> What is required: Could you give again exactly, and only, the lines from the one holding "RAL 110 80 70" through the end of the data, both ends included, with pictures left out?

> Data provided:
-.-.-

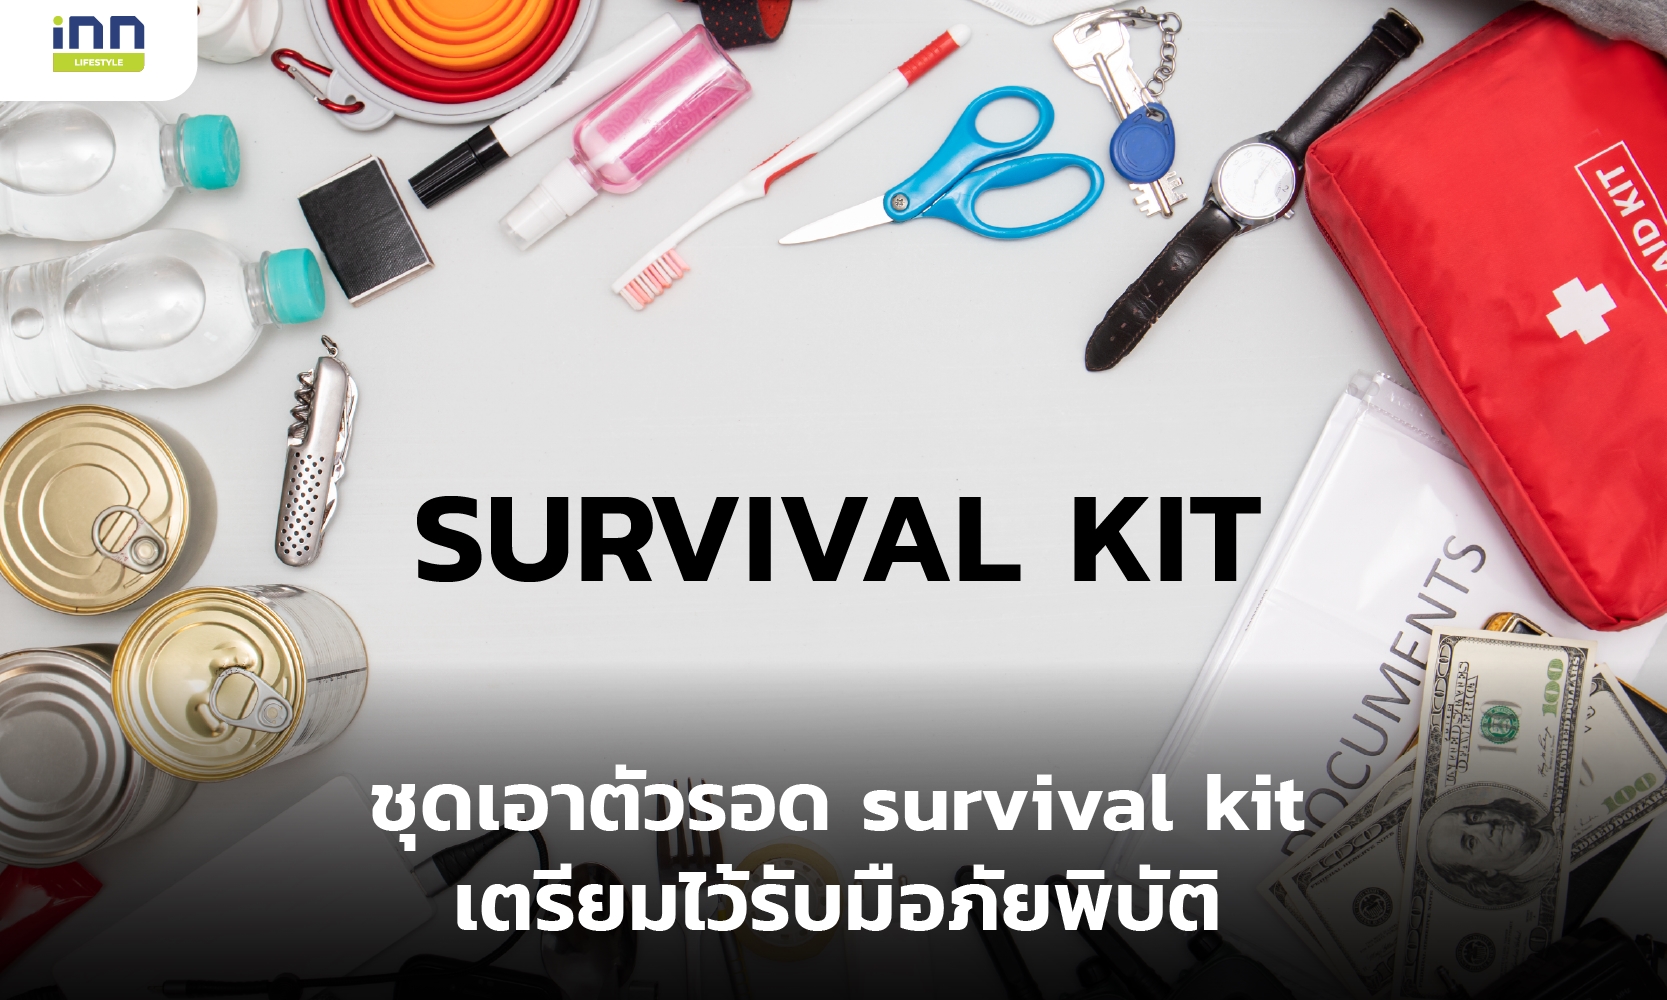 ชุดเอาตัวรอด survival kit เตรียมไว้รับมือภัยพิบัติ
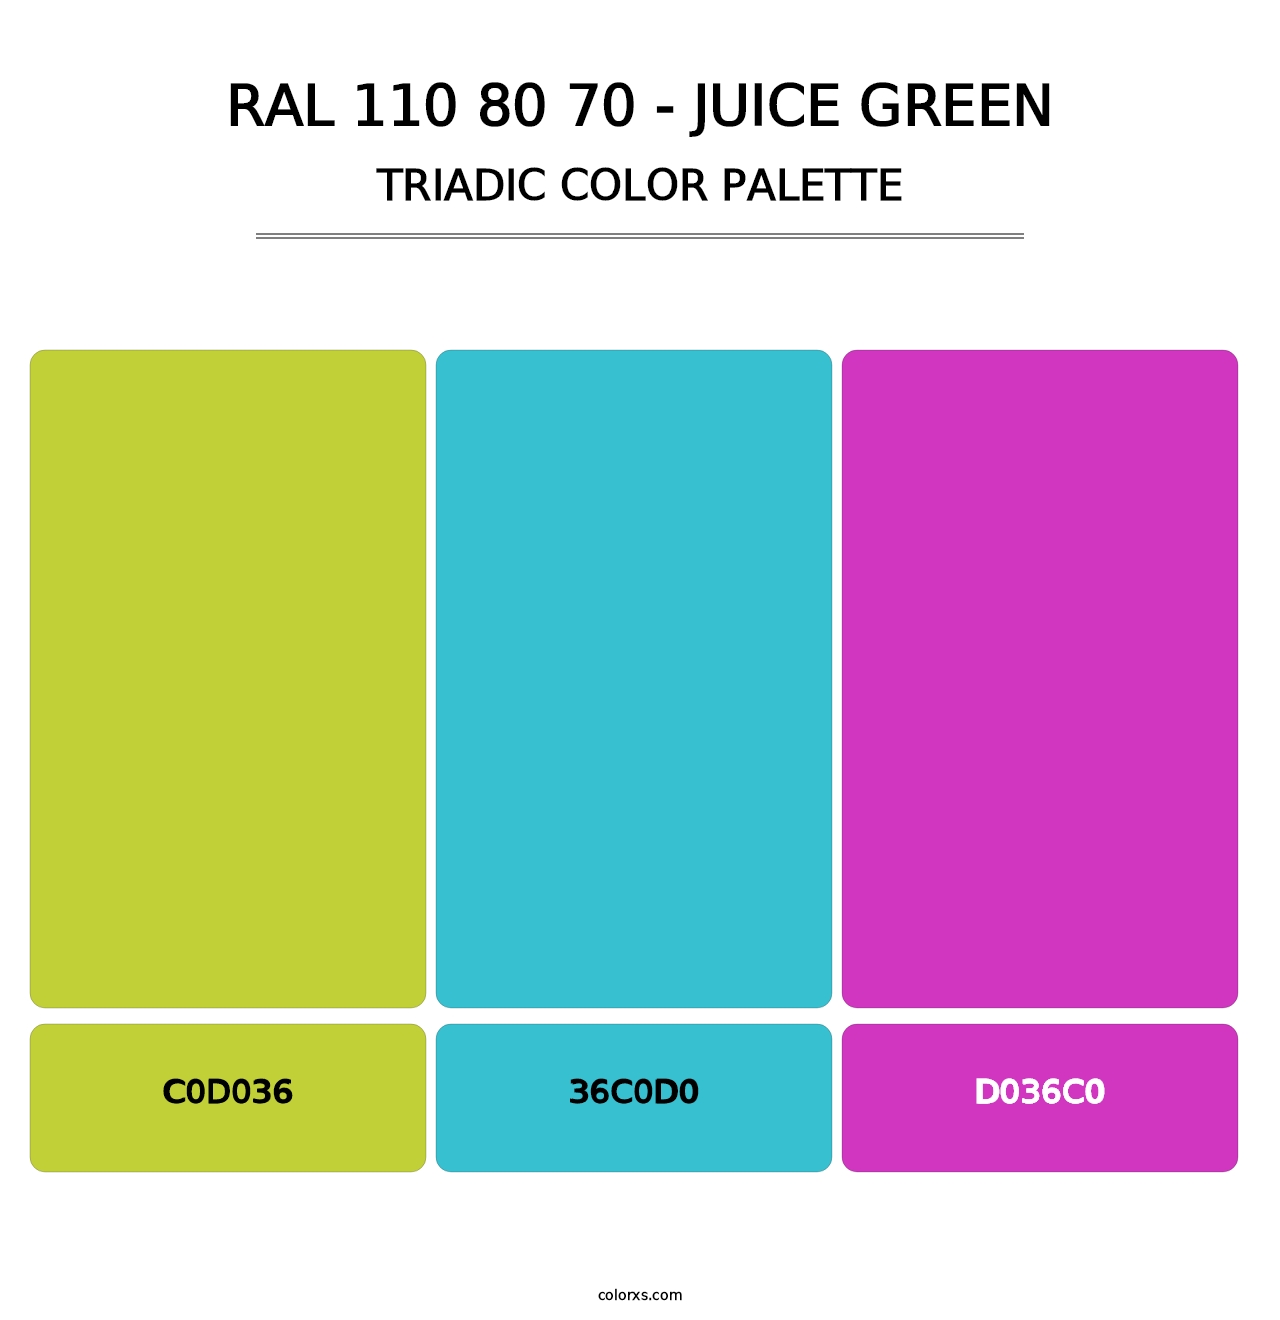 RAL 110 80 70 - Juice Green - Triadic Color Palette
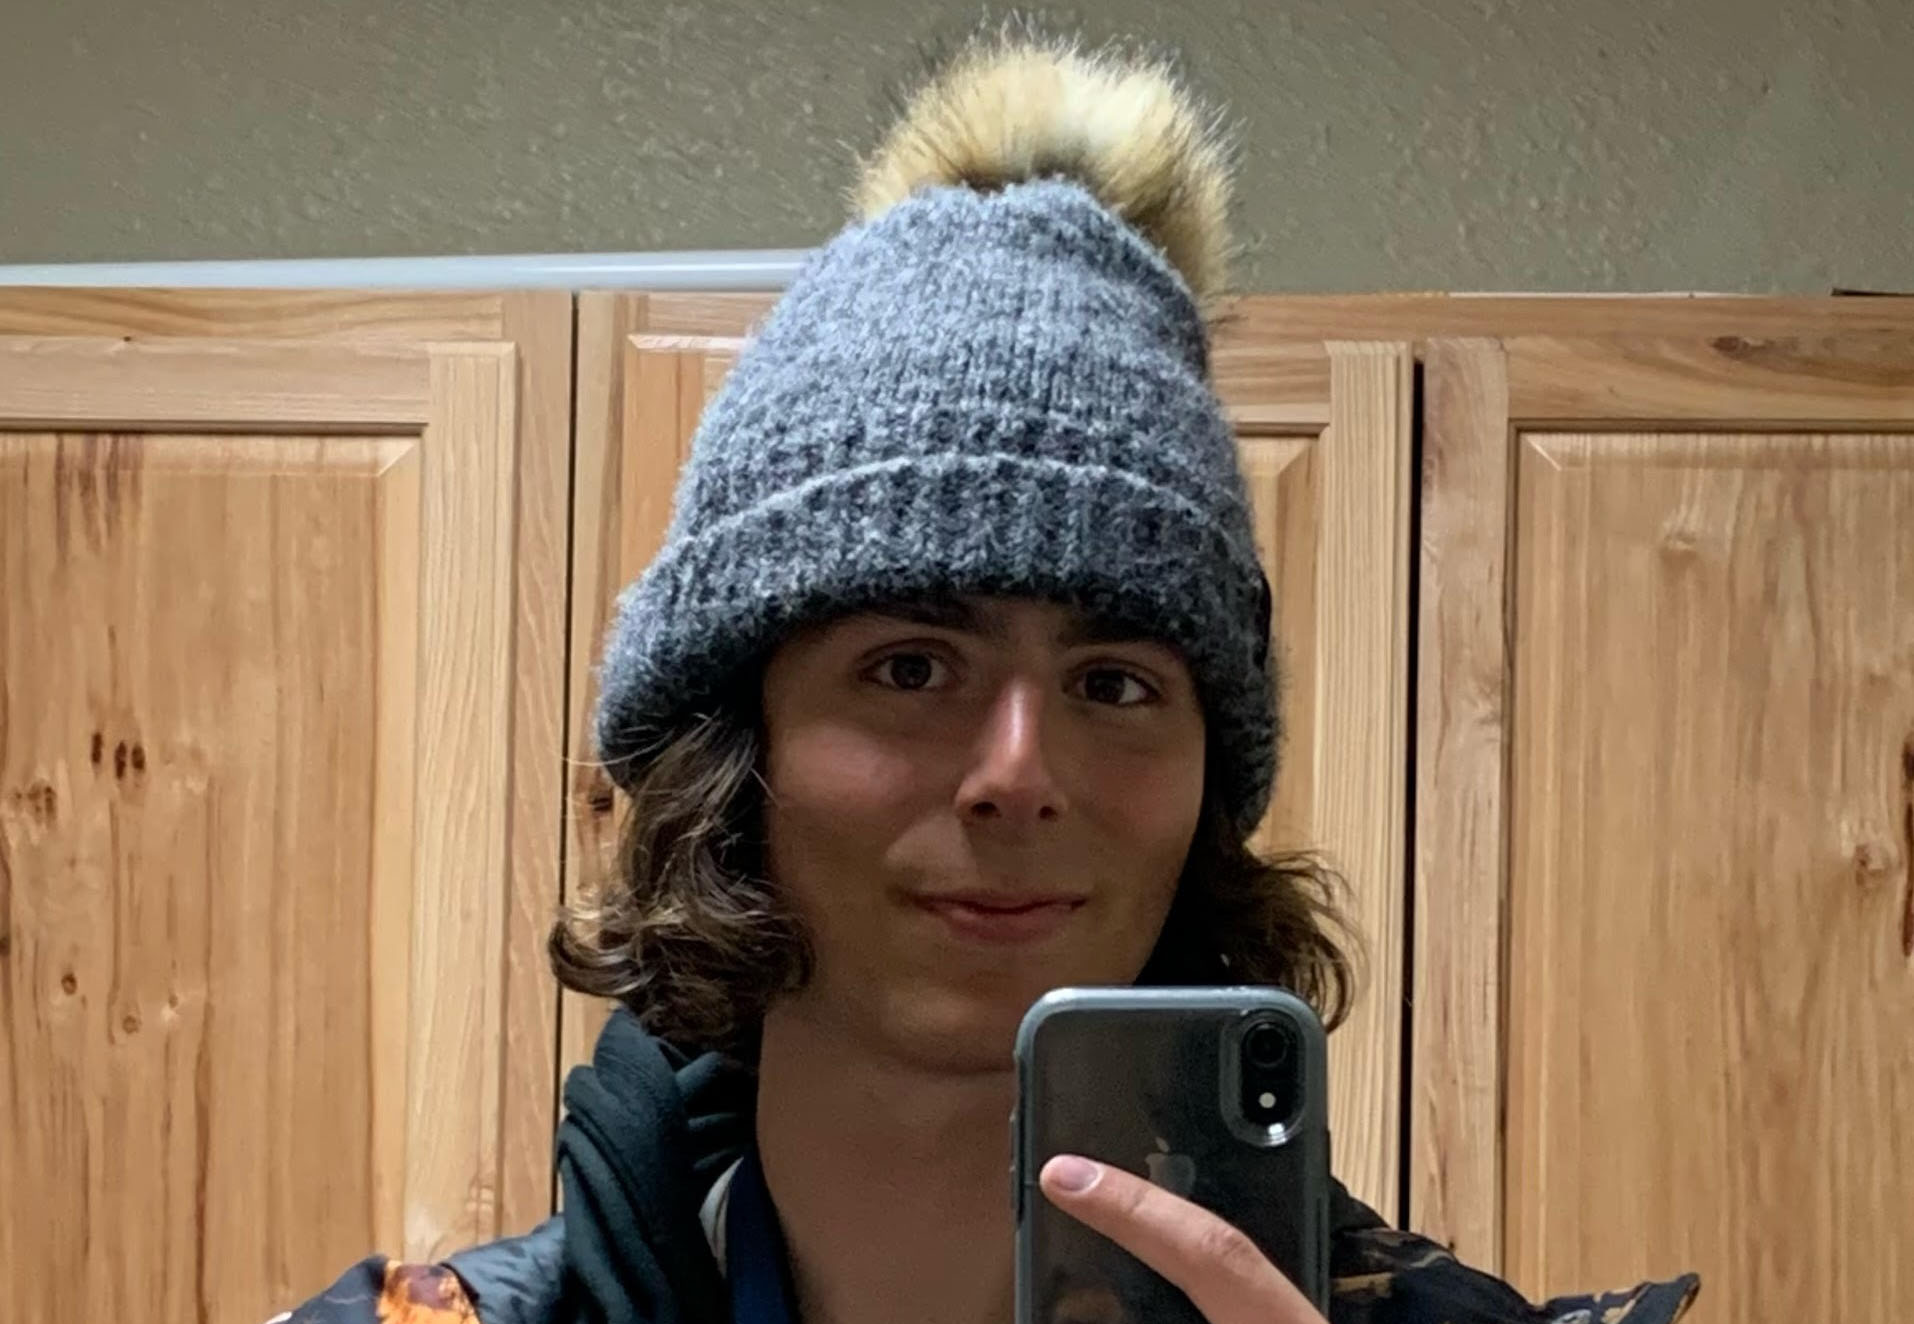 Jonah Calvo takes a mirror selfie wearing a winter hat

-.-.-

> Exercise output:
 RAL 110 80 70 - Juice Green - Triadic Color Palette
 Jonah Calvo takes a mirror selfie wearing a winter hat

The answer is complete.